Summer was standing in the middle of the hallway.
8
She was wreathed in tendrils of smoke, her gun hanging loosely at her side, and she was speaking. “Please,” Summer said, “I know you hurt, but a part of you is human. We only want to help this man, to find out what happened to him. Won’t you tell us, please? You must have seen. And if you can’t, please can you let us pass? Please?”
Amazingly, the orphans stopped moving for a moment. Fool sensed rather than saw them regarding Summer with blank-eyed malice. “Summer,” he called quietly, dropping the sheet and taking a step into the hallway.
“Summer,” shouted Gordie, his voice wavering, “come here. Run!”
Summer ignored them, crouching and holding her hand out to the nearest orphan, a ragged thing with a human face melting into a body that appeared to consist of a black, pulsating carapace covered in countless limbs and a bristling, whipping tail. It retreated from her hand, hissing and shrieking, spitting fire to the floor, where it sputtered and went out. Summer held out her gun and let the orphan see it before dropping it to the floor. “You’re human, just a baby,” she said, “and I know you hurt, and you’re angry, but hurting us won’t help.” Behind Fool, Gordie moaned, a low wail that sang under the cries of the orphans. And then a movement shivered around the hallway like a whirlwind collapsing in on itself and the orphans surged toward Summer.
She got off one shot, scooping up her weapon and aiming at the thing that, moments before, she had been holding her hand out to. Fool saw it spin back into the crowd, the flame of its death spraying wide above its companions. Summer threw herself backward, but she was too slow and the closest orphans leaped upon her.
Flames snaked across the thin material of her uniform as Summer screamed. Something on a thread that was burning dropped down on her from the ceiling, long legs opening to clamp around her head, and she screamed again, the cry muffled by the orphan that even now was wrapping silver threads about her. As Gordie started toward her, the threads began to blacken, their outer layer drying and crackling, flaking away, and by the time he reached her, the first flames had appeared along their cabled length. He tore at the strands, crying out as the flames snatched at his fingers, Summer screaming and pushing up at the orphan on her head as more crawled up her body. Fool fired, shooting the nearest scuttling creature, and joined Gordie in pulling the creatures from Summer. He pulled his cuff down over his hand to protect it from the twisting skeins of flames, knocking orphans to the floor and kicking at them. Most were light and hadn’t gripped onto Summer strongly, but there were so many that their tide was inexorable and began to swamp them.

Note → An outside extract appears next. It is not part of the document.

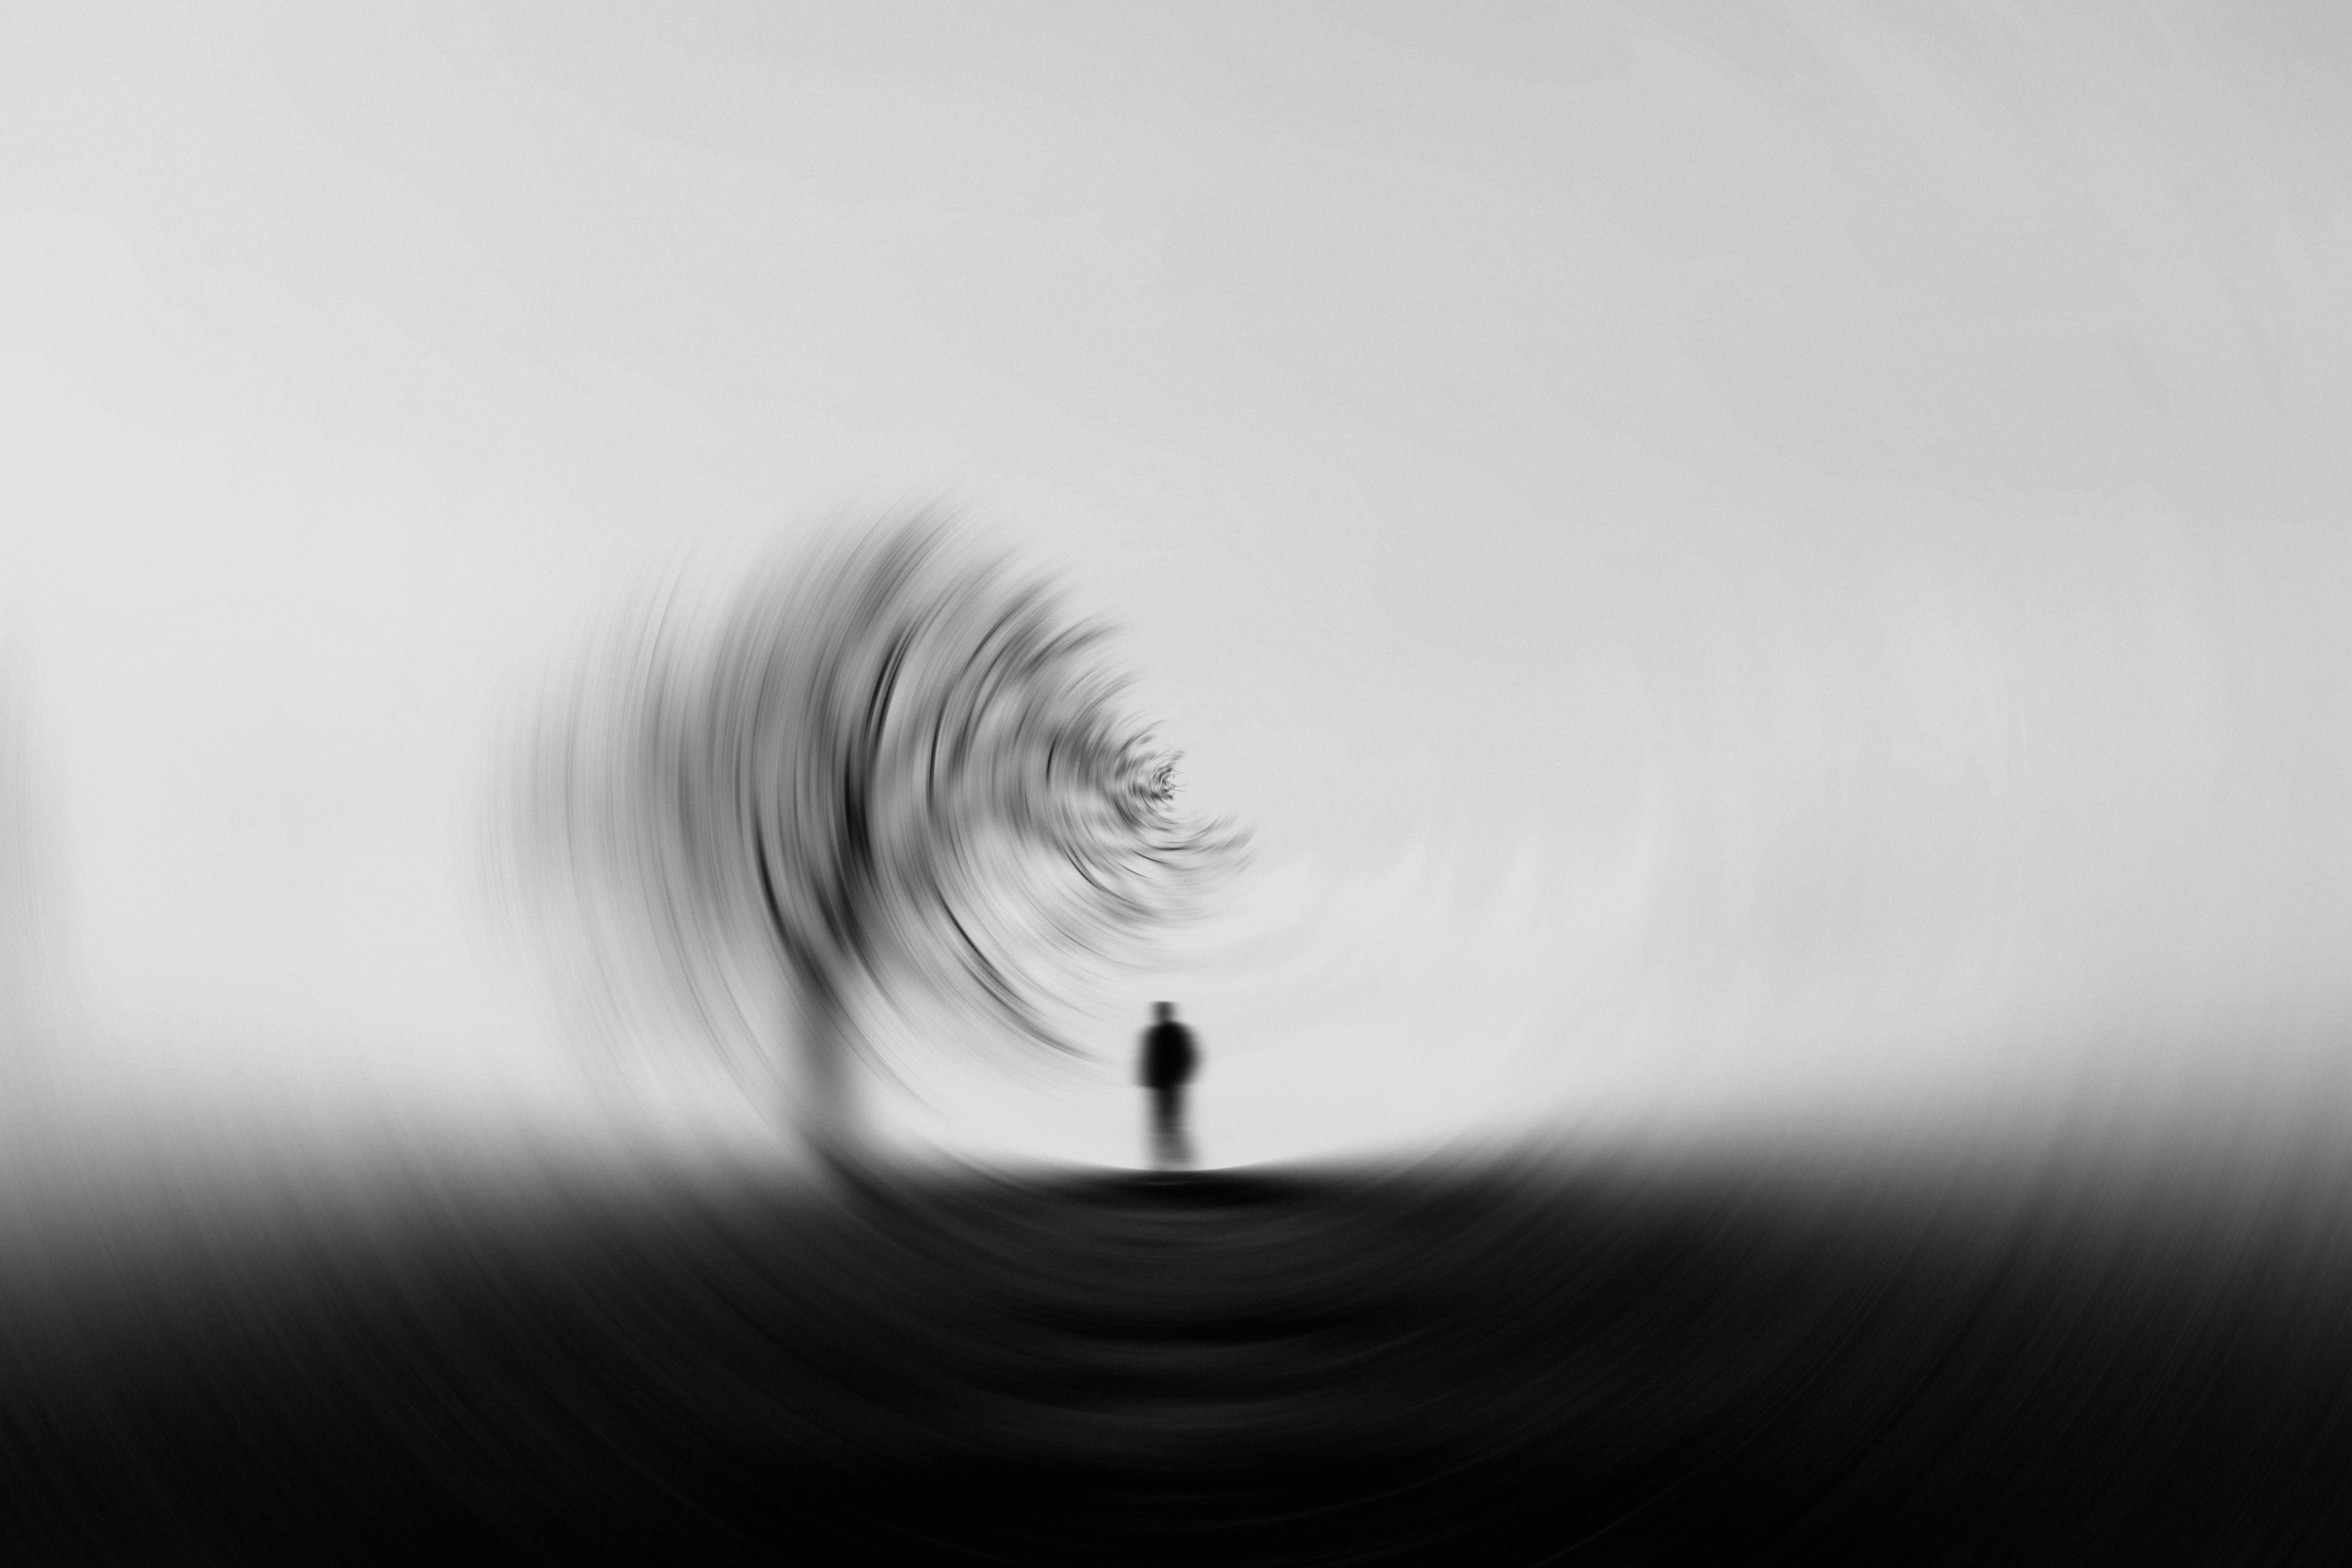 silhouette, bw, chb, smooth, blur, miscellanea, miscellaneous, wood, tree, effect images

Gordie fired and an orphan clambering up Summer’s legs exploded, the violent burst sending shards of sickly light into all corners of the hallway. He pulled the trigger again but the gun clicked emptily. Bending, he dragged Summer’s gun from the mass of darkness of flesh and flame on the floor, pulling the trigger as he did so; it did not fire, and would not for anyone other than Summer. She was still tearing at the limbs of the thing that had wrapped itself around her head, untangling her hair from its grasping legs. Gordie pushed her gun into her hand and then guided the barrel up, calling, “Fire!” when it was pushed up against the body. There was another flash and a crown of flesh leaped up and danced in the air above them for a moment and then fell, spattering, to the floor.

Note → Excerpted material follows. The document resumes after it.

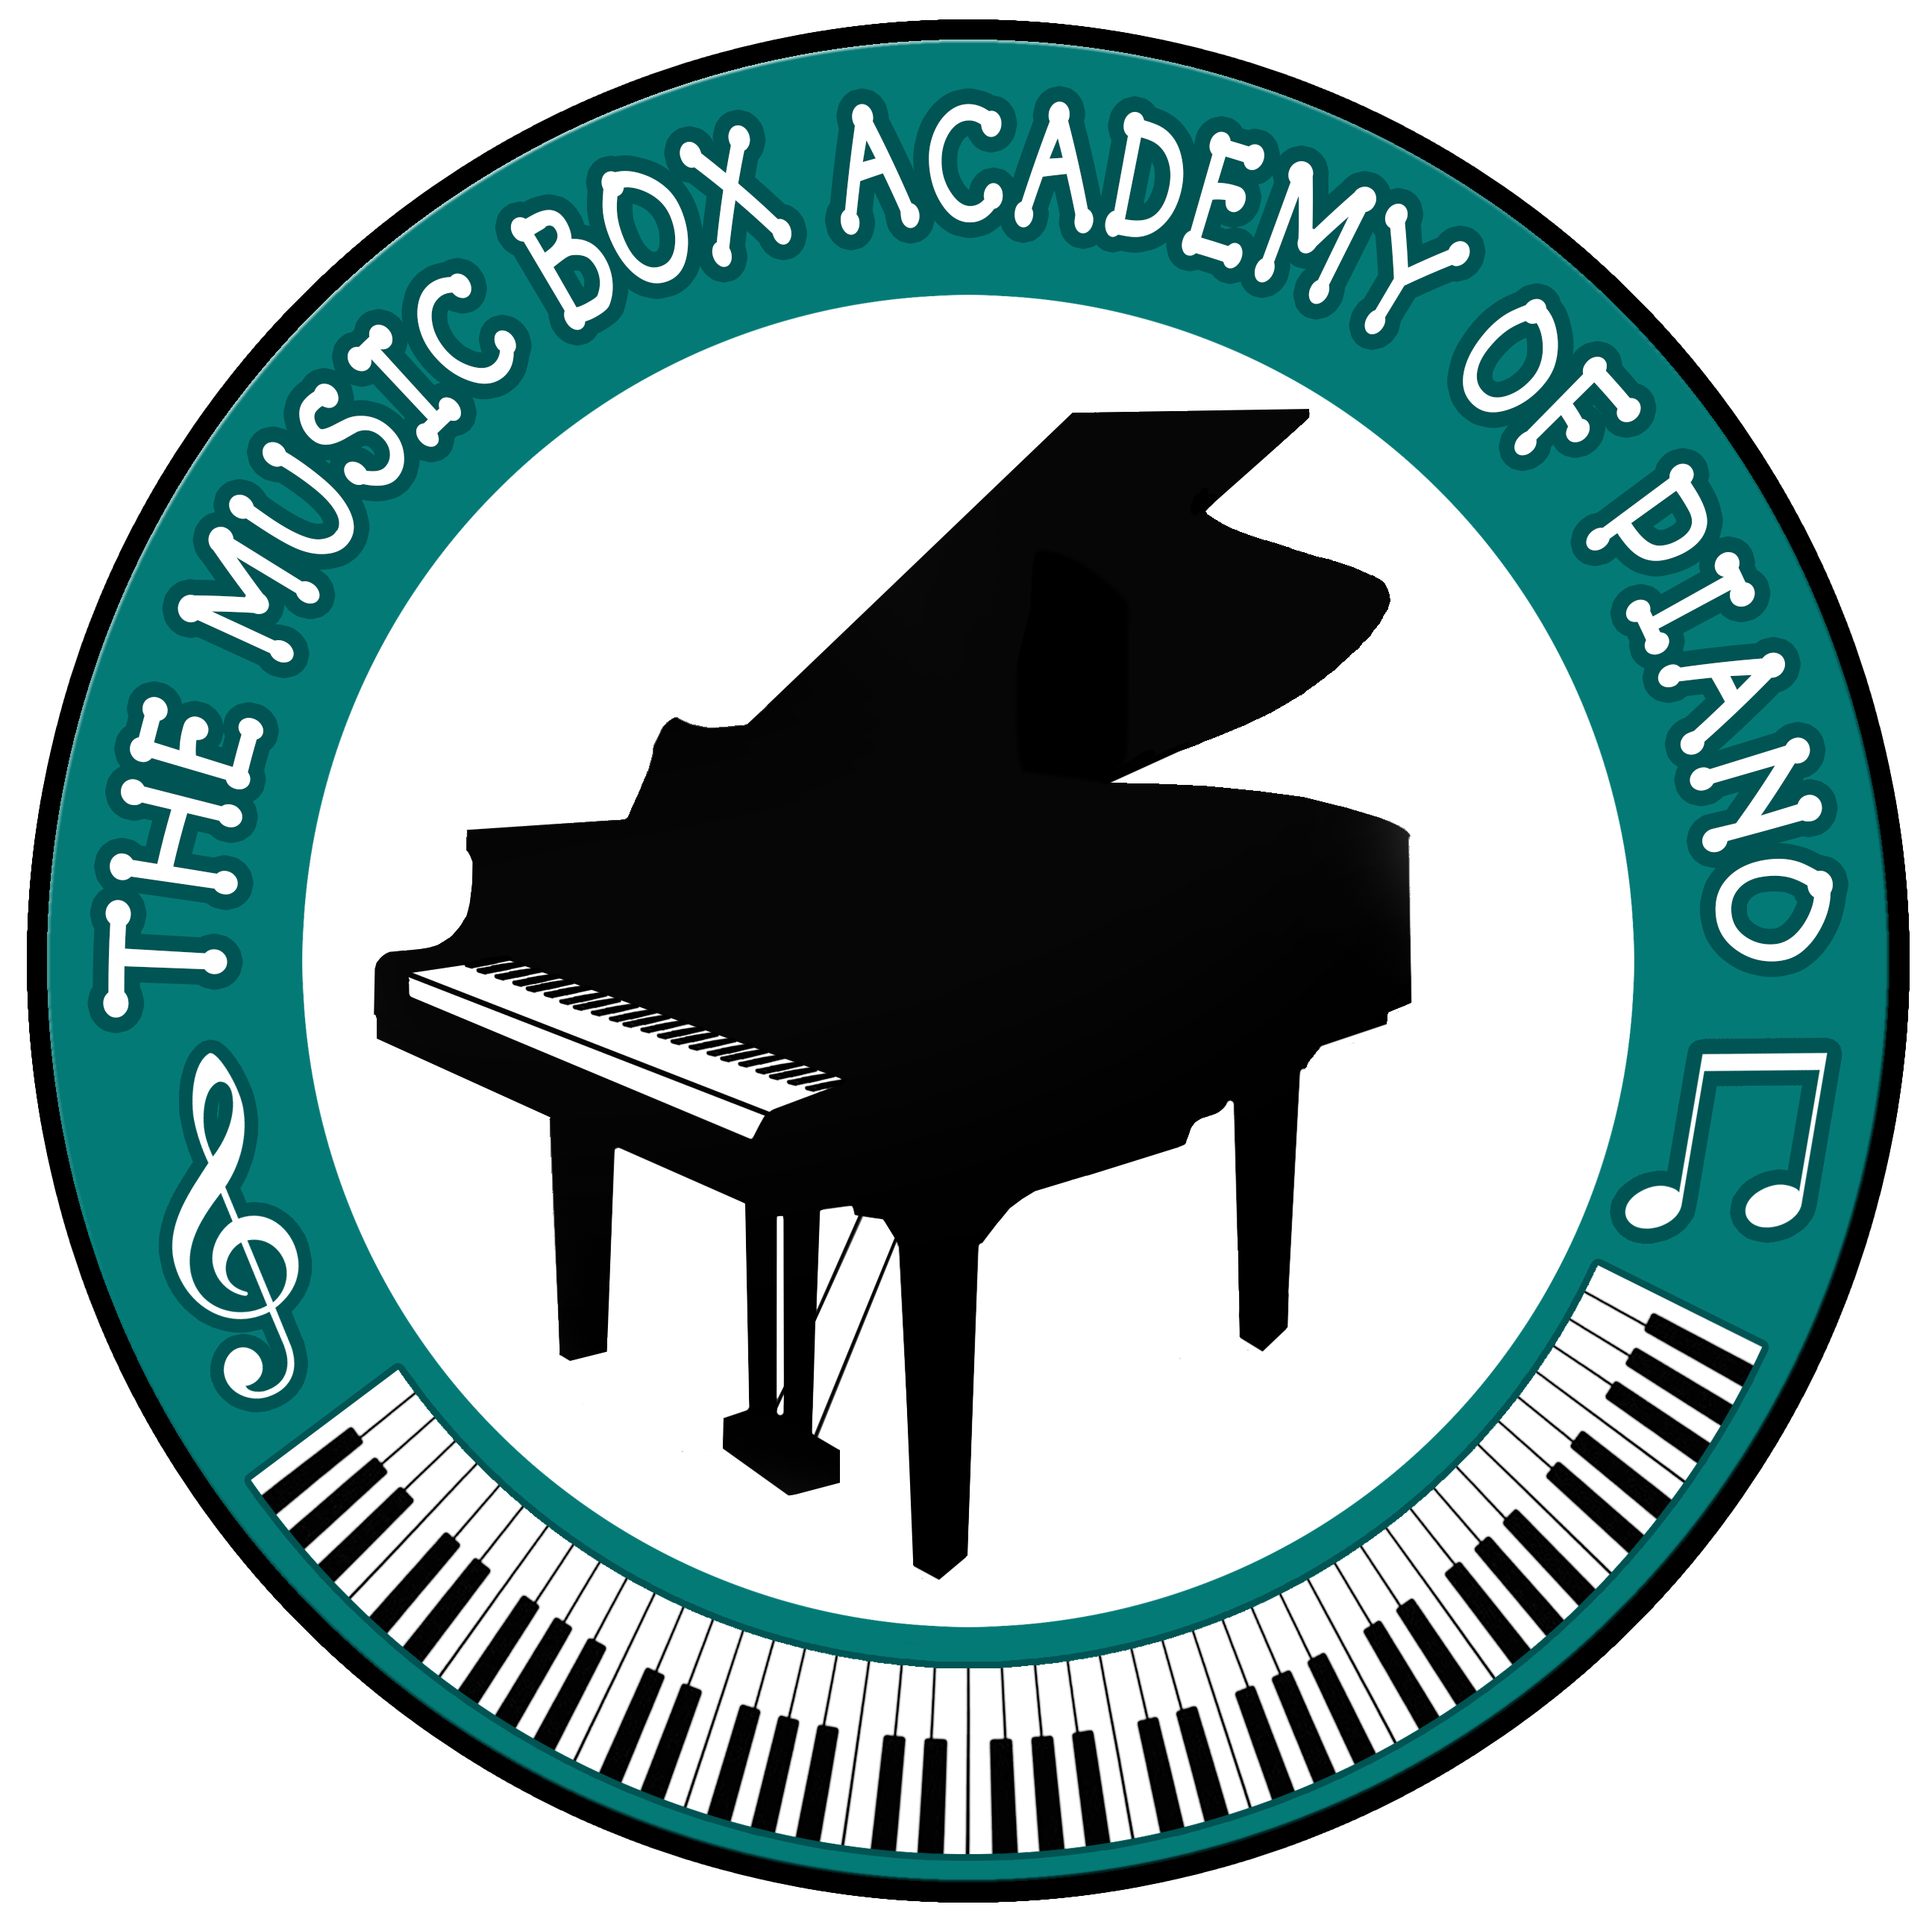 The Music Box Academy of Piano

Gordie began to drag Summer toward the Orphanage’s entrance, kicking and punching at the orphans as they came close. Fool followed, dragging the corpse in its filthy shroud behind him, batting at the creatures when they approached him or his burden. Flames had caught around the edges of the torn plasterboard of the walls and were winking in and out of life. The Orphanage must have some resistance to the flames, or the flames were not strong, Fool thought as he moved. Summer’s hair had not ignited despite the burning threads and the orphan that had been upon her head, and the wooden floors showed only superficial damage, vast black blooms almost hidden under the writhing mass of orphans.
Gordie fired again, as did Fool, their bullets carving paths through the things ahead of them, opening up a space that they moved into. Summer, sobbing, fired and then staggered as one of the orphans jumped at her and landed on her shoulder. She went to one knee and Gordie pulled at her as she knocked at the thing. They both fell, coming to rest in an ungainly heap against the wall, and the orphans swarmed again.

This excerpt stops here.